◆ **Input data**
---
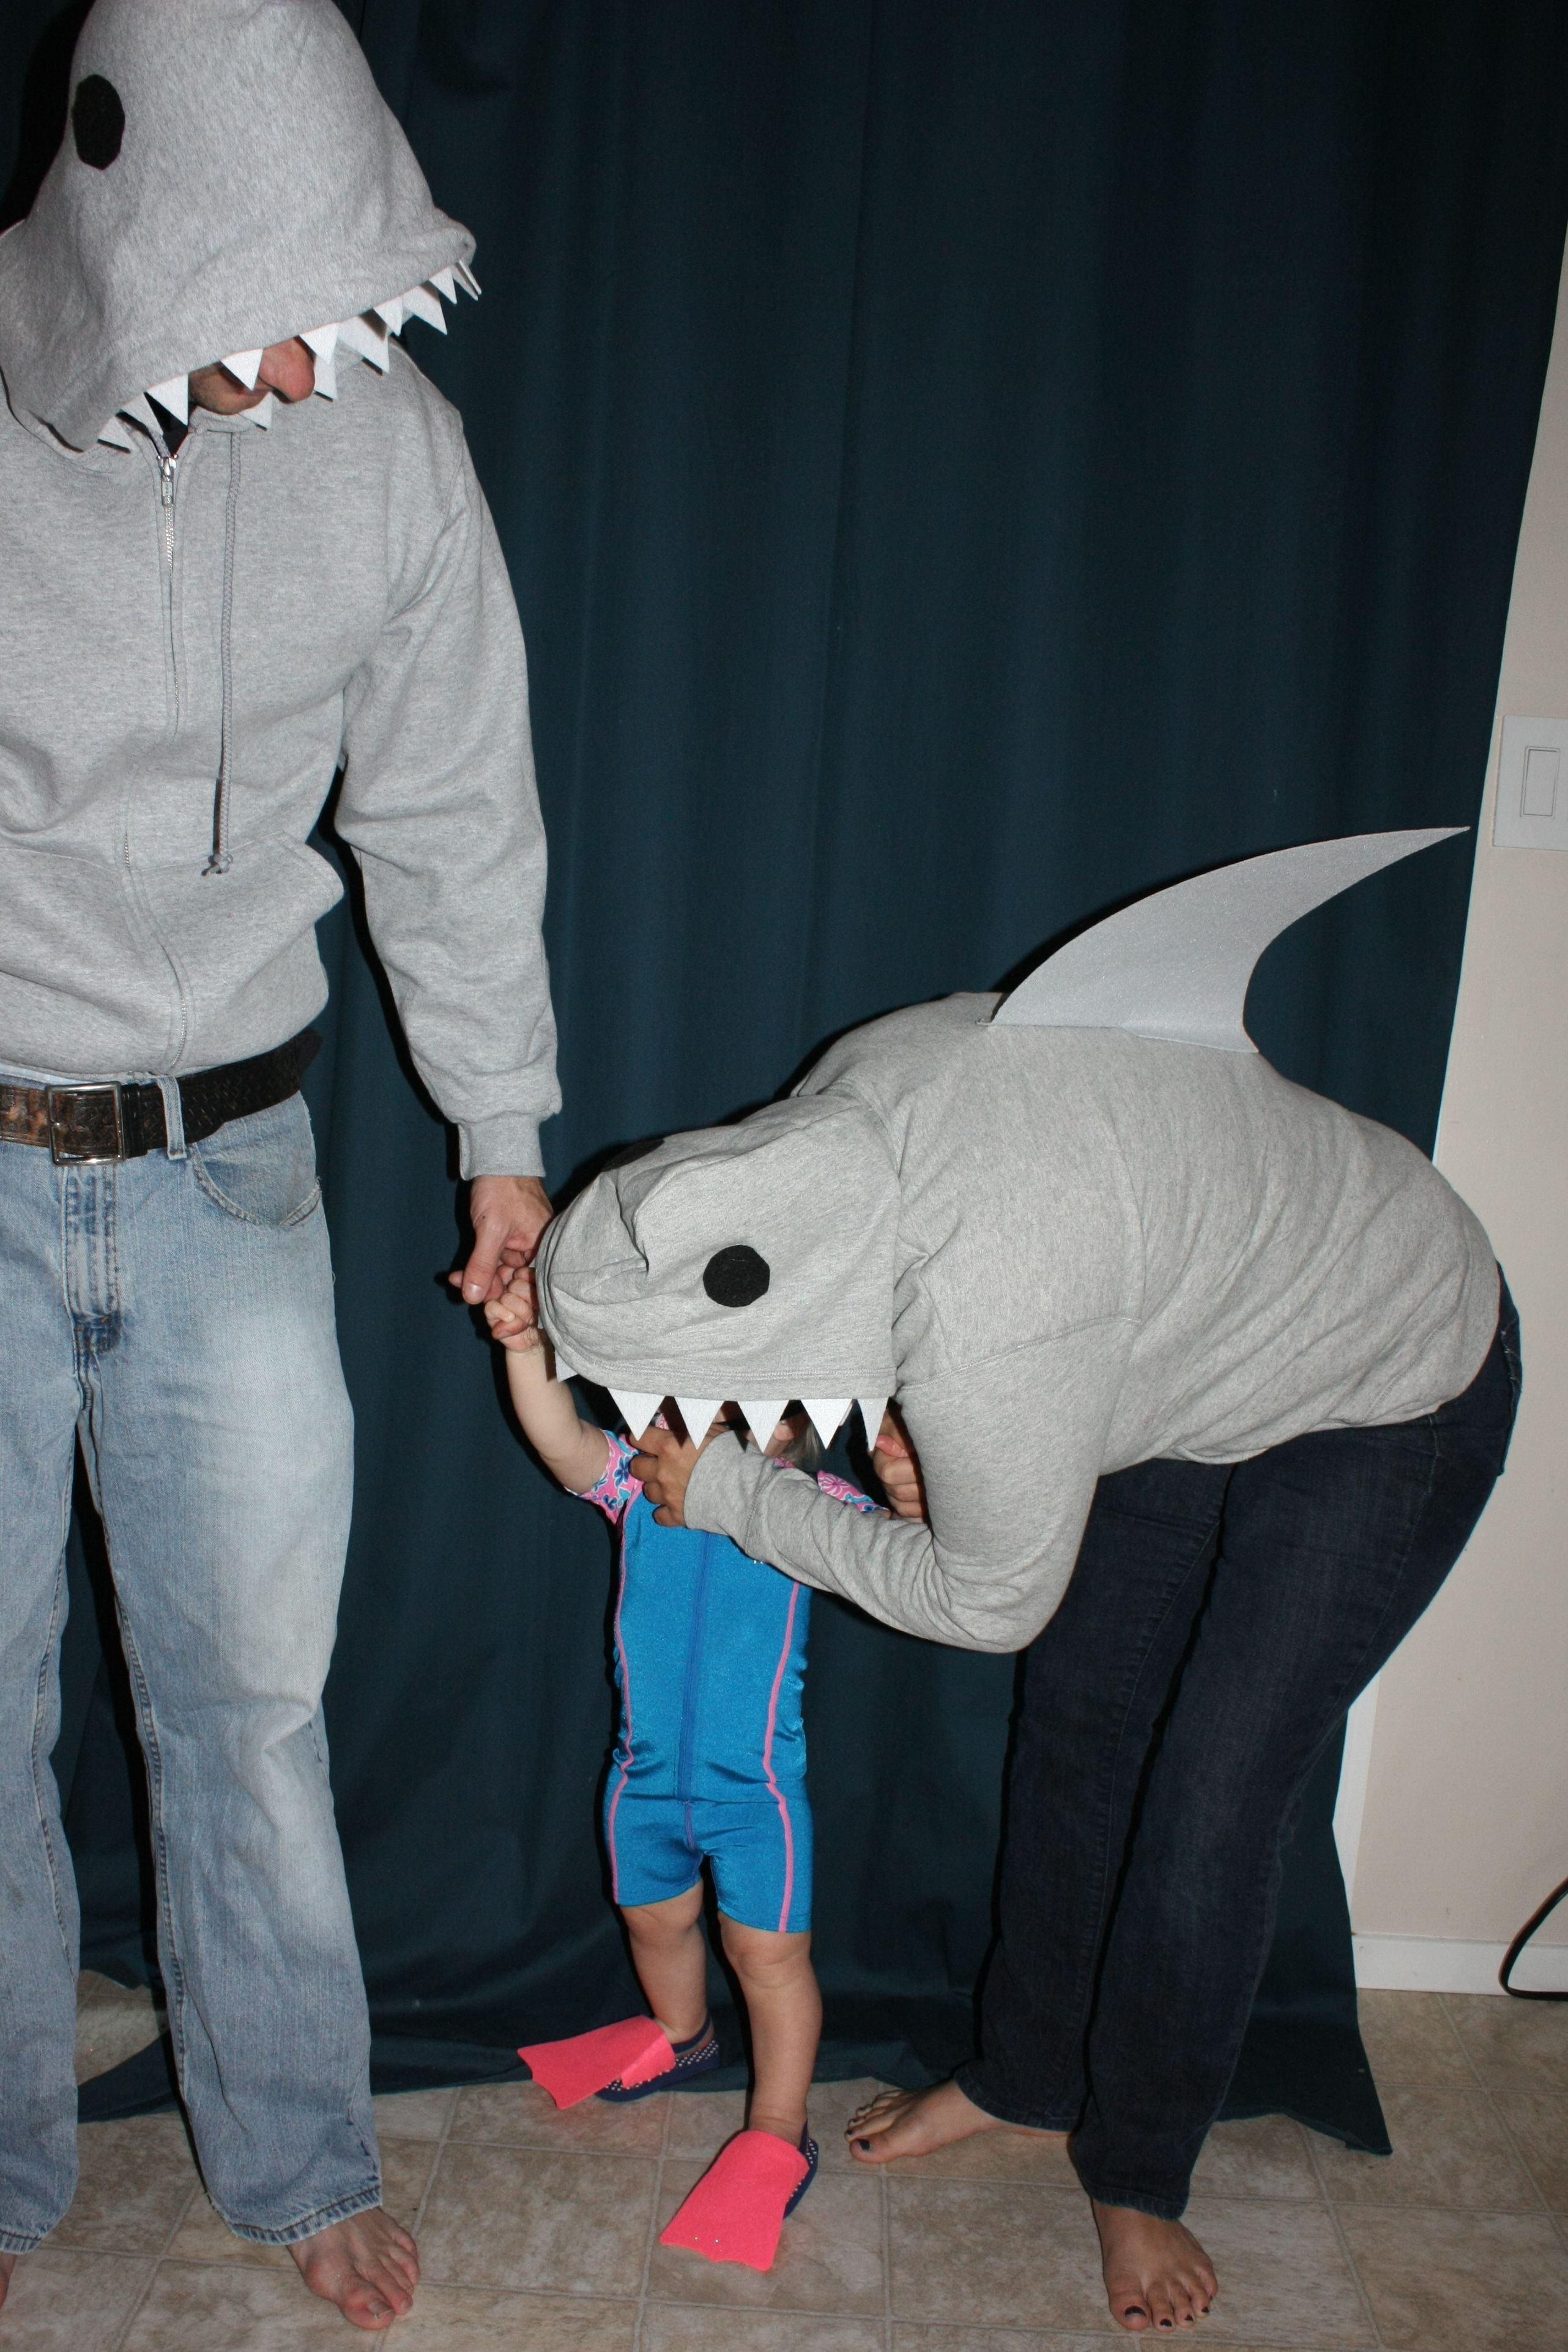 Shark and Scuba Costume | DIY | Shark costumes, Family ...
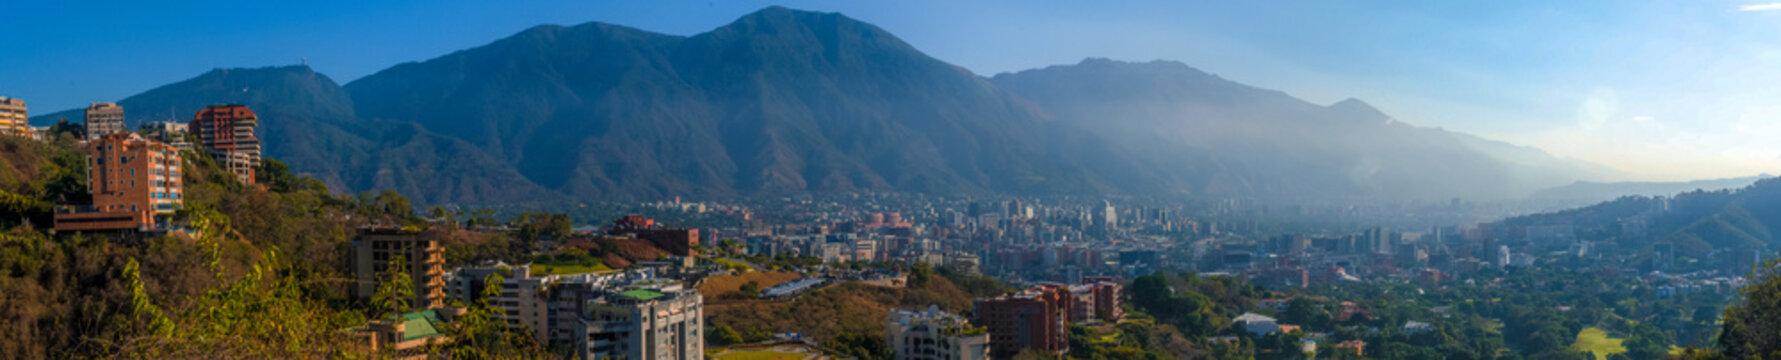 Panoramica de Caracas
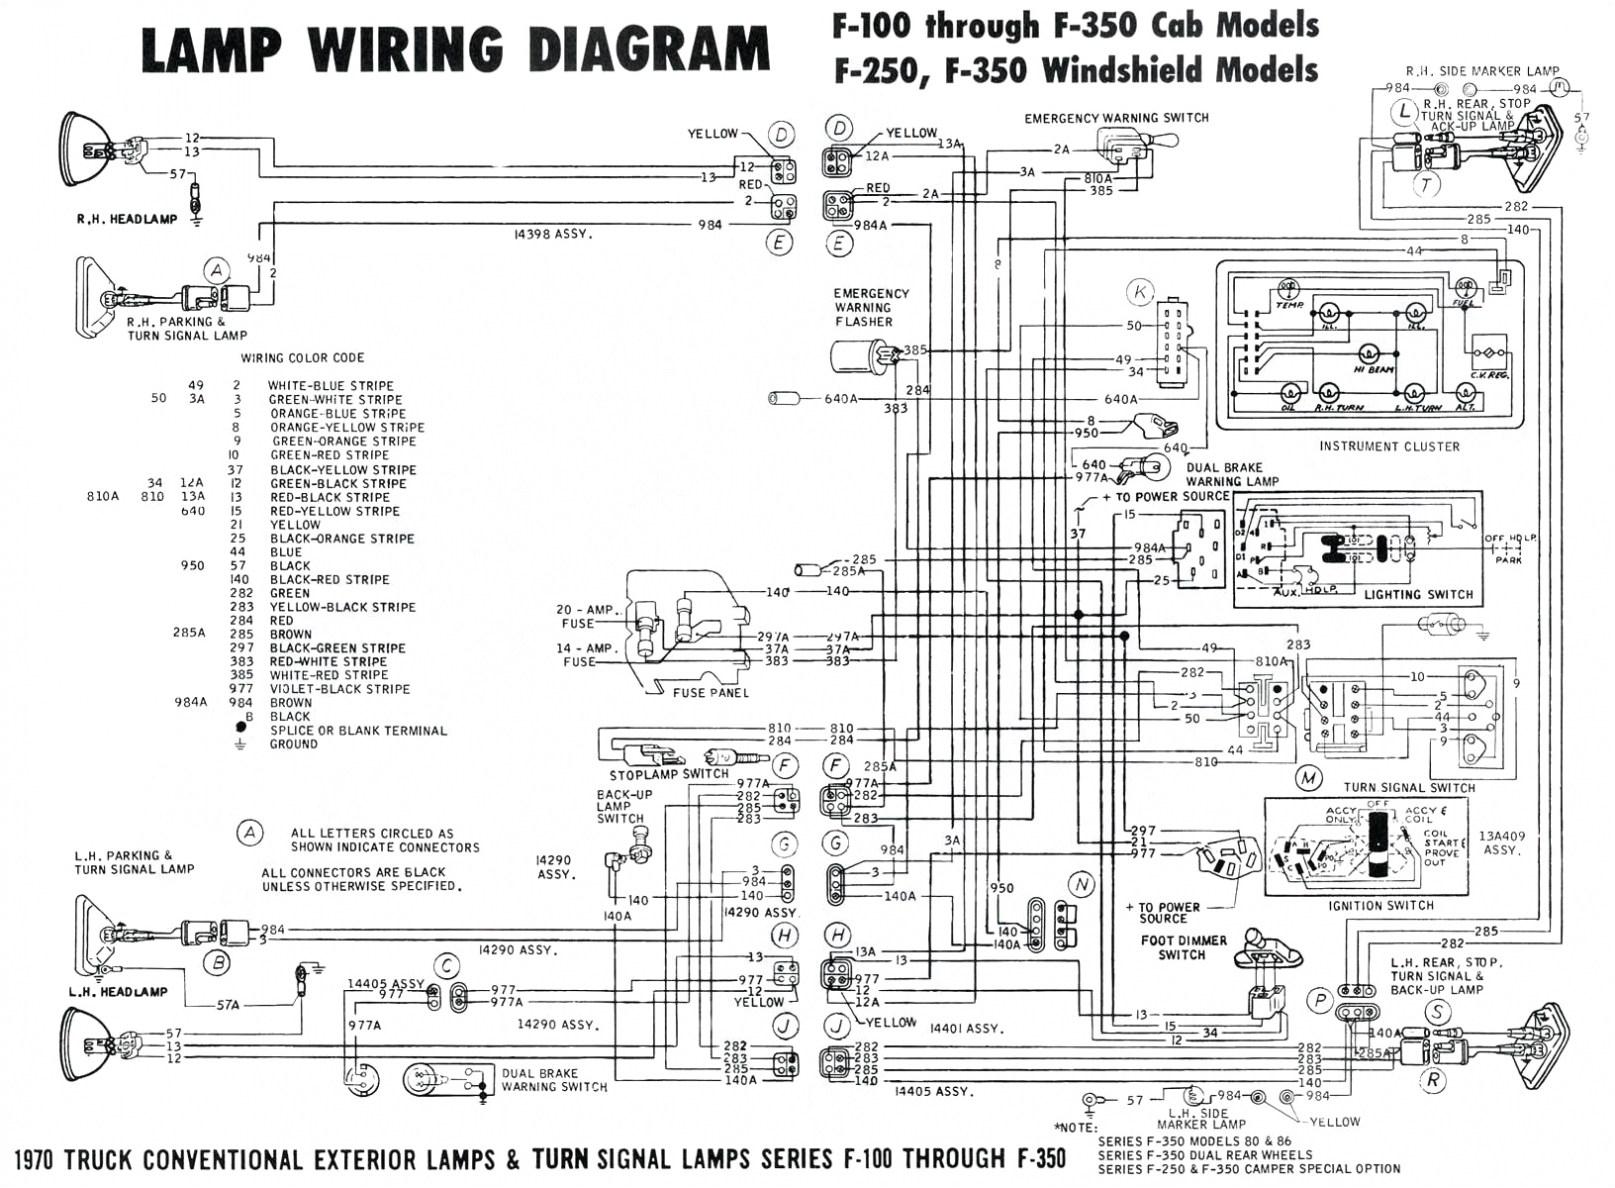 imperial range wiring diagrams wiring diagram sheet imperial range wiring diagram imperial range wiring diagram
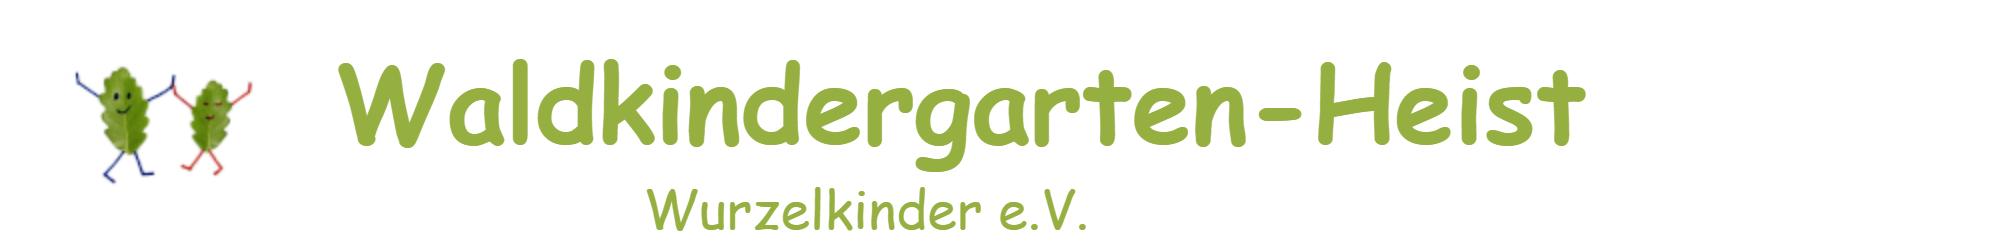 Waldkindergarten Heist Wurzelkinder e.V.
---
◆ **What the exercise asks**
Print the material again, unchanged, without its pictures.

◆ **Your response**
 Shark and Scuba Costume | DIY | Shark costumes, Family ...
 Panoramica de Caracas
 imperial range wiring diagrams wiring diagram sheet imperial range wiring diagram imperial range wiring diagram
 Waldkindergarten Heist Wurzelkinder e.V.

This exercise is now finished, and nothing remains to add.